• Task to complete: Your copy must hold all of the data below, unchanged and without images.

• Data excerpt:

┌──

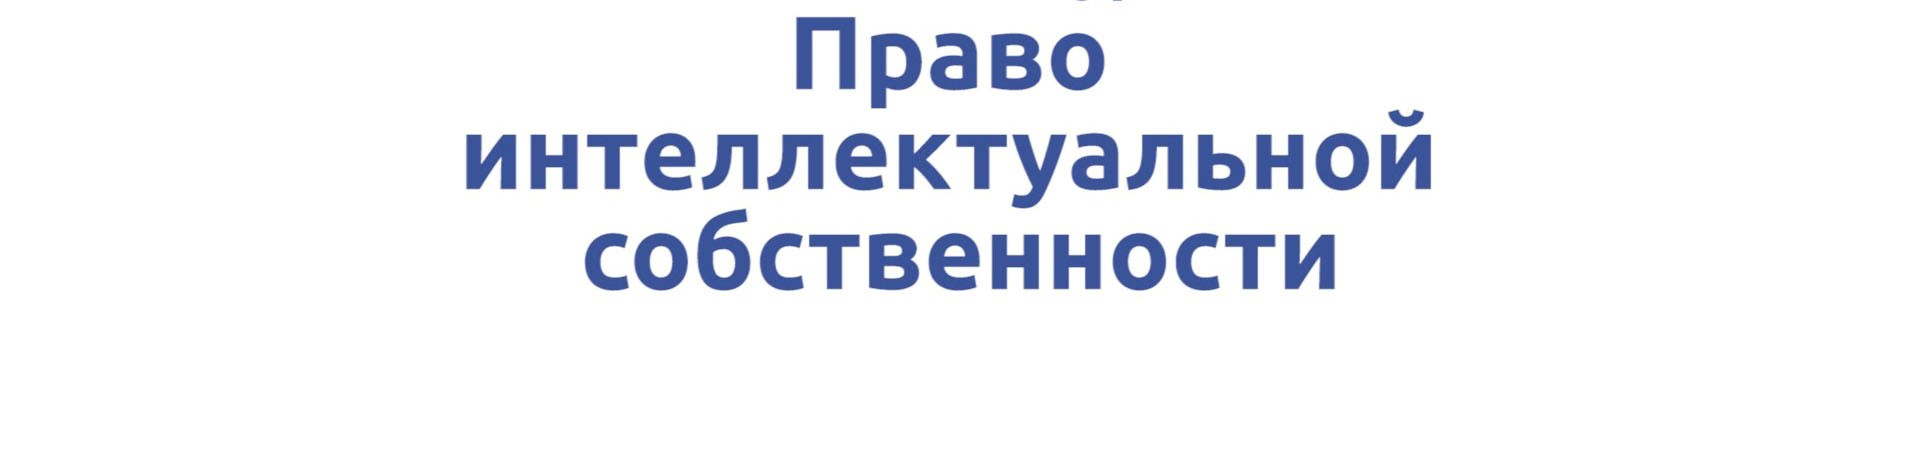 Права автора и компания на Logo
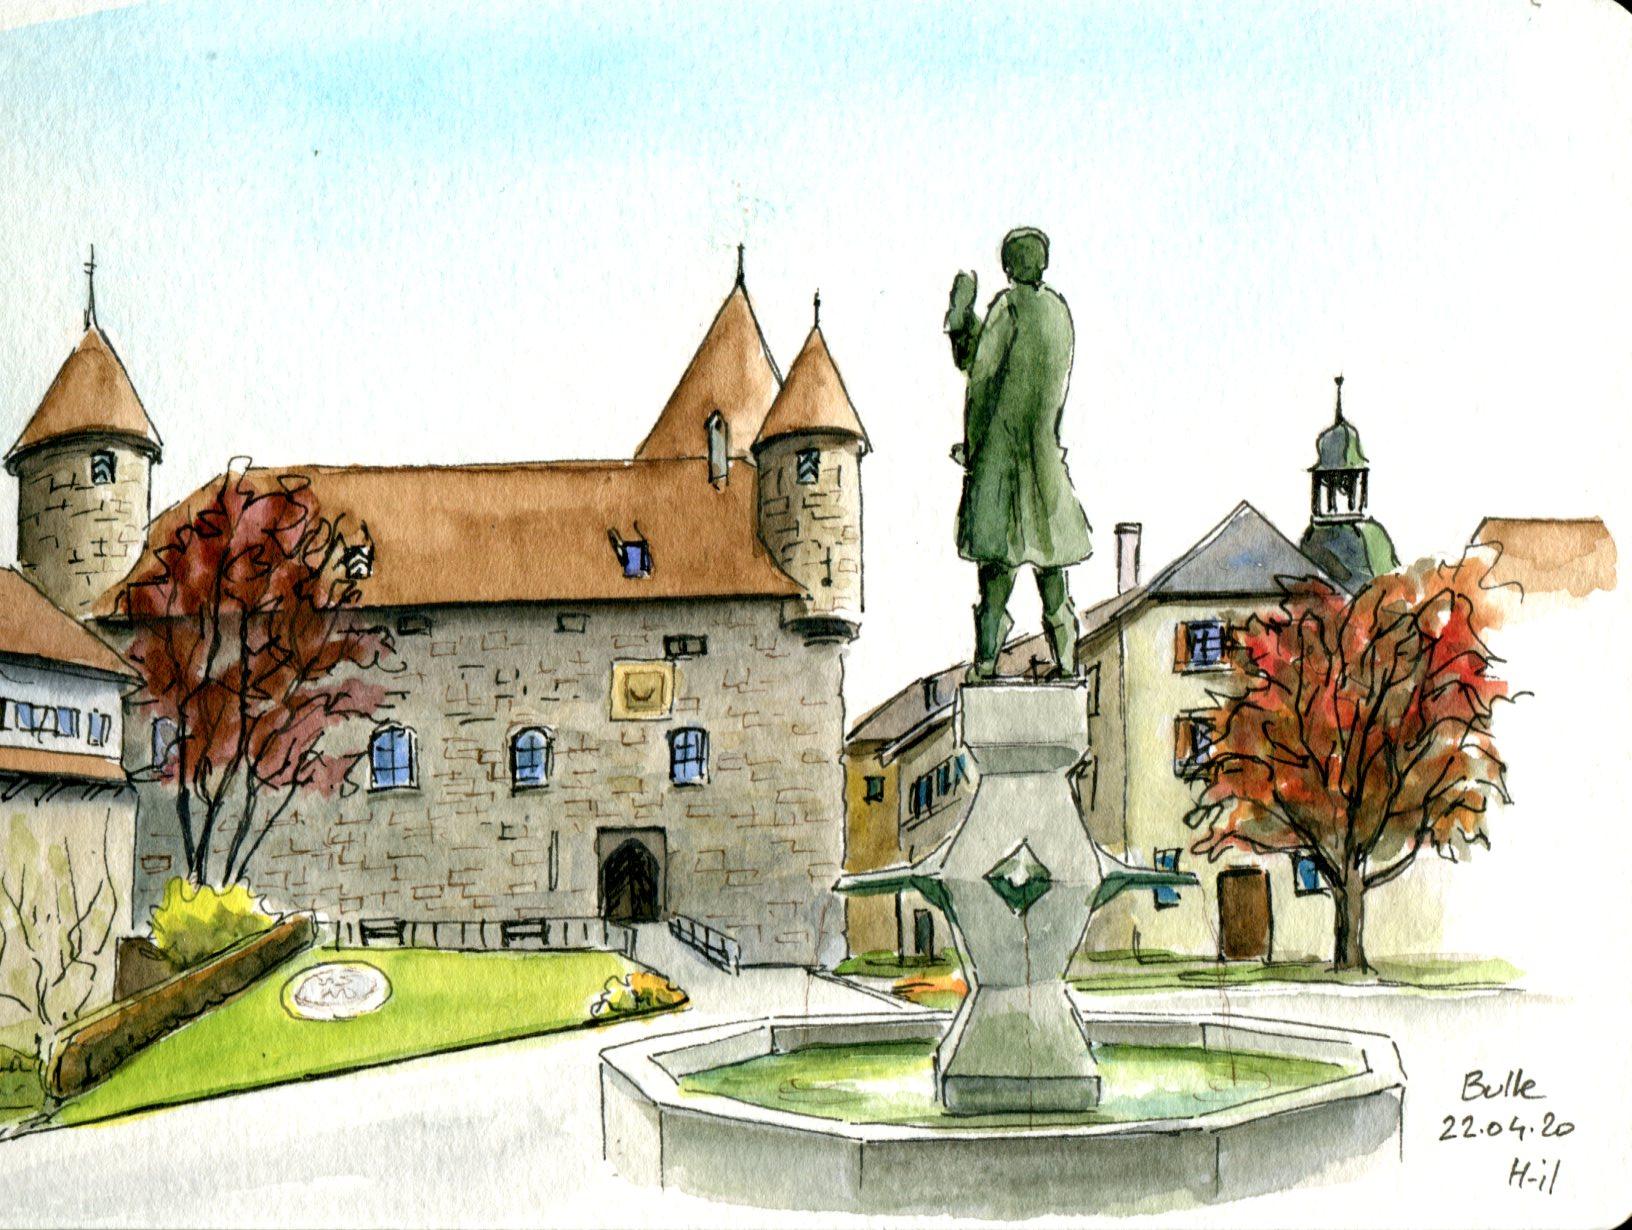 Château_de_Bulle035
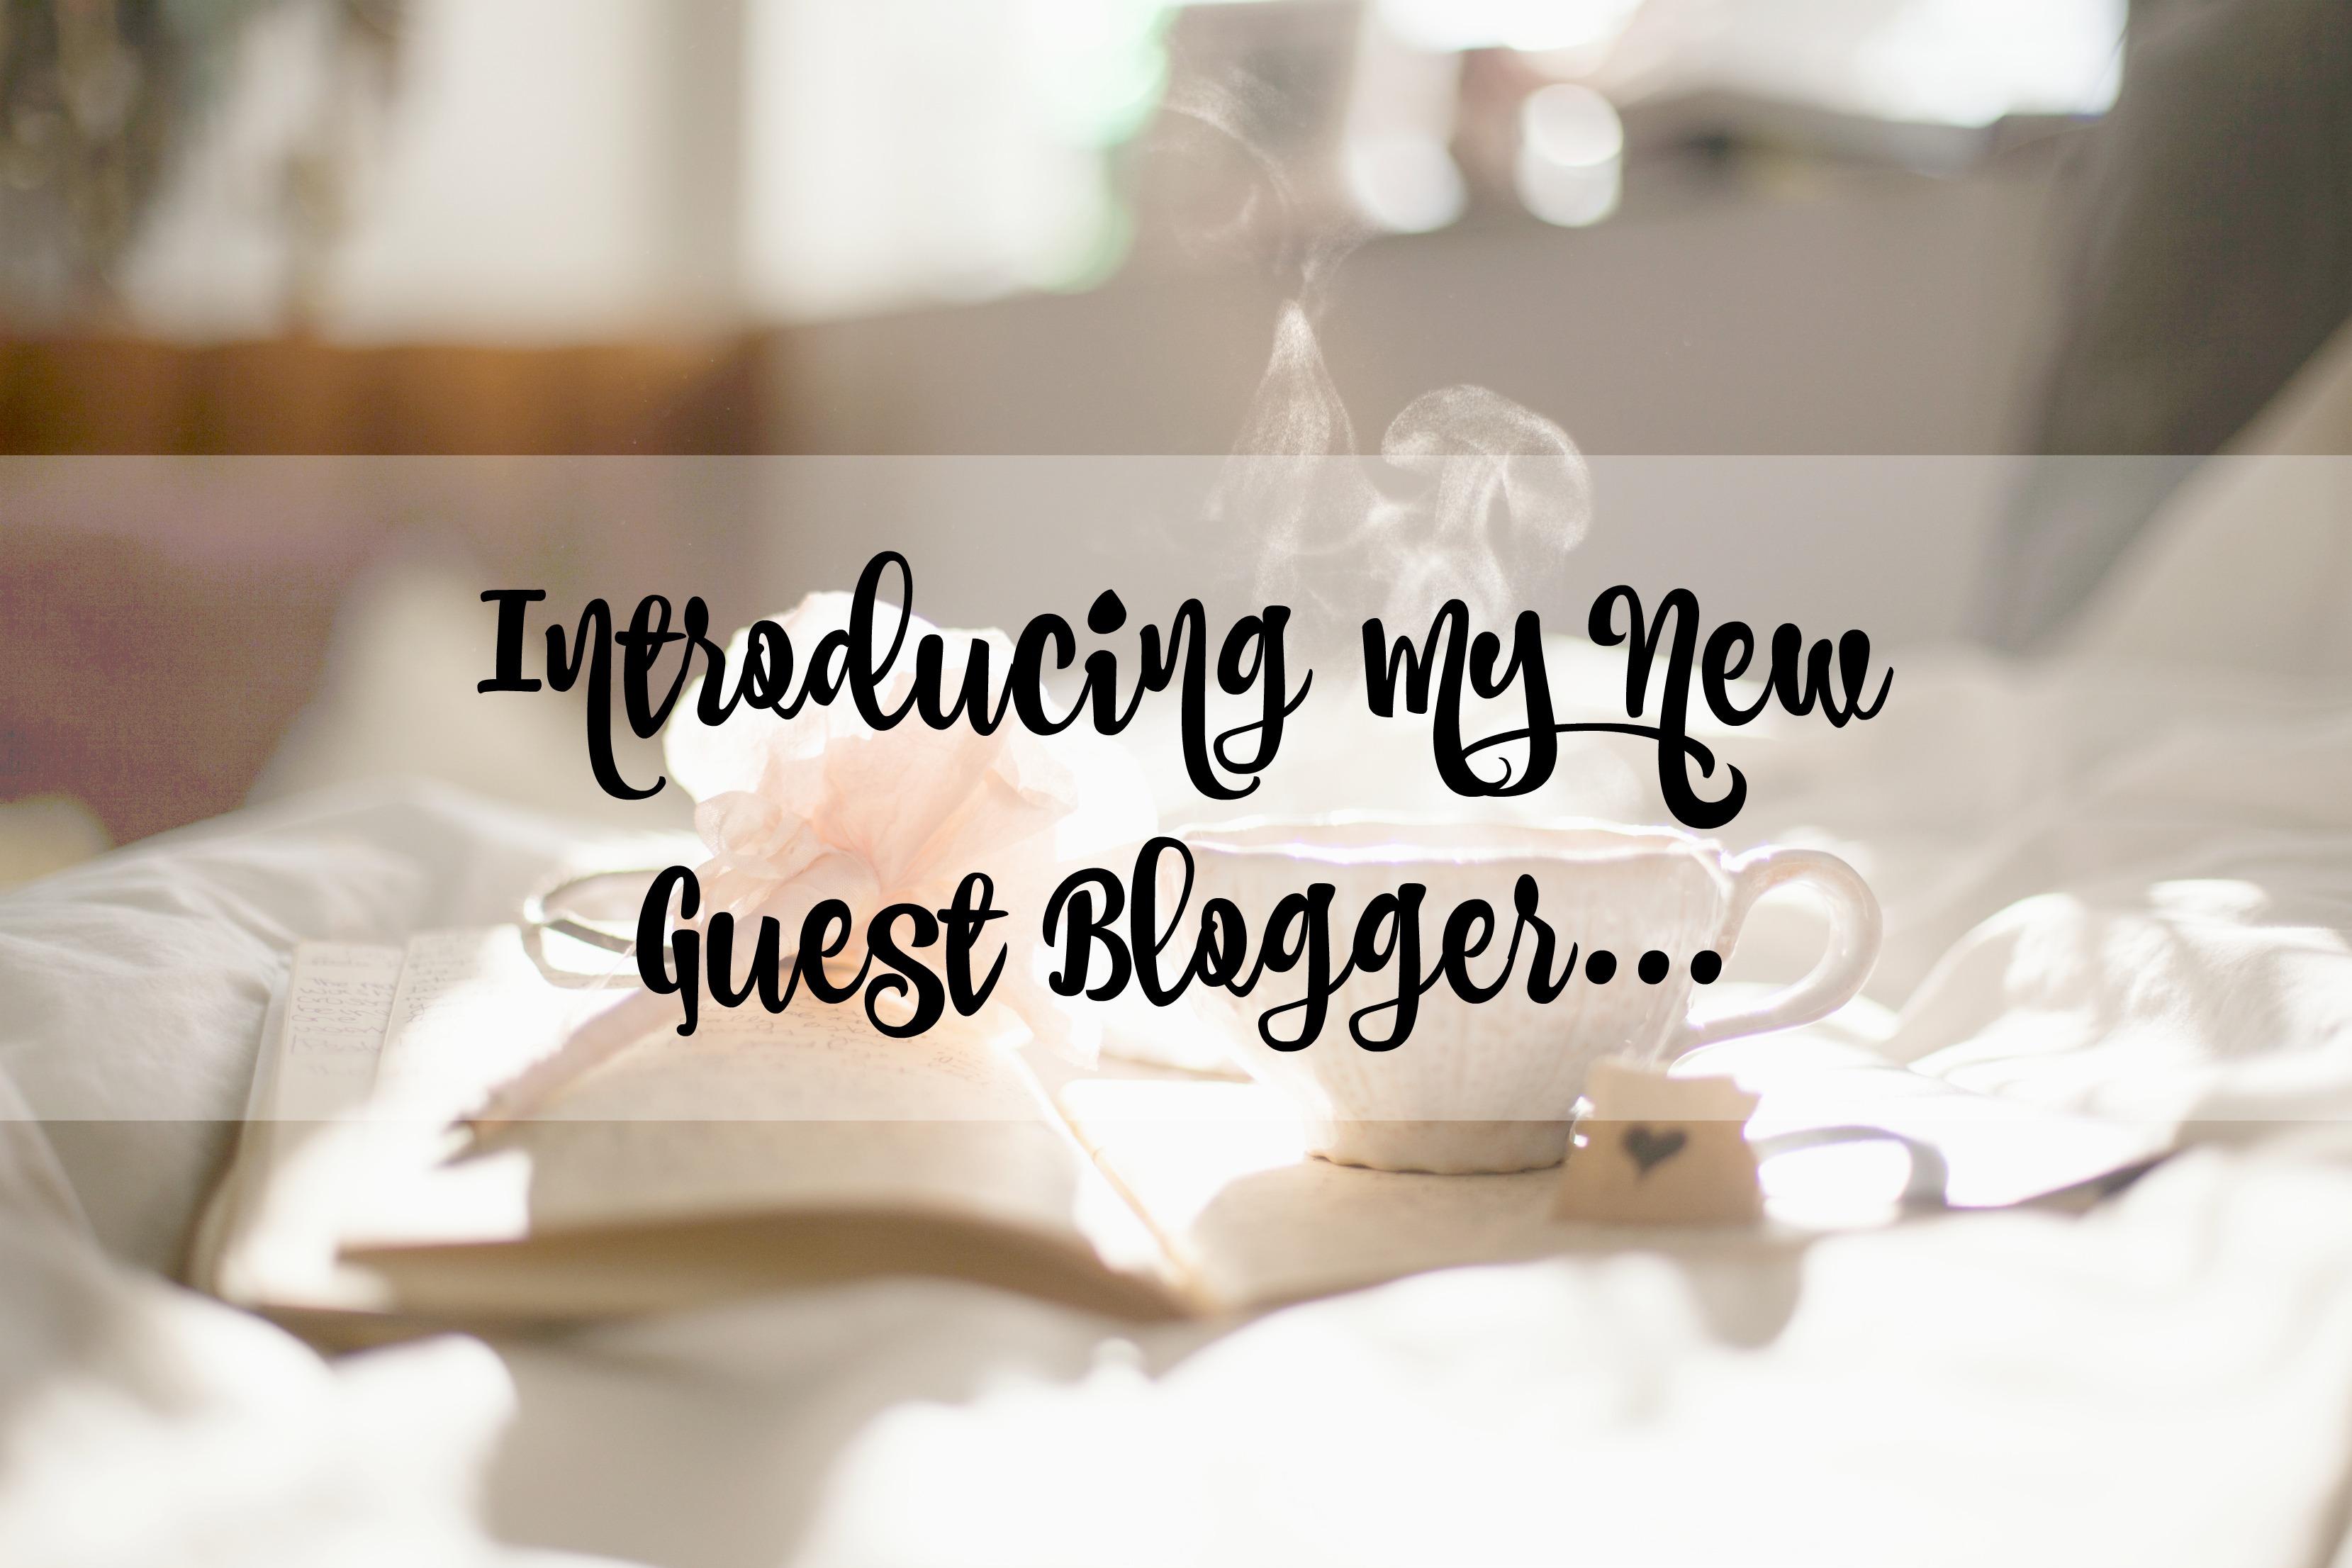 guest blogger title

└──

• Solution to the problem:
 Права автора и компания на Logo
 Château_de_Bulle035
 guest blogger title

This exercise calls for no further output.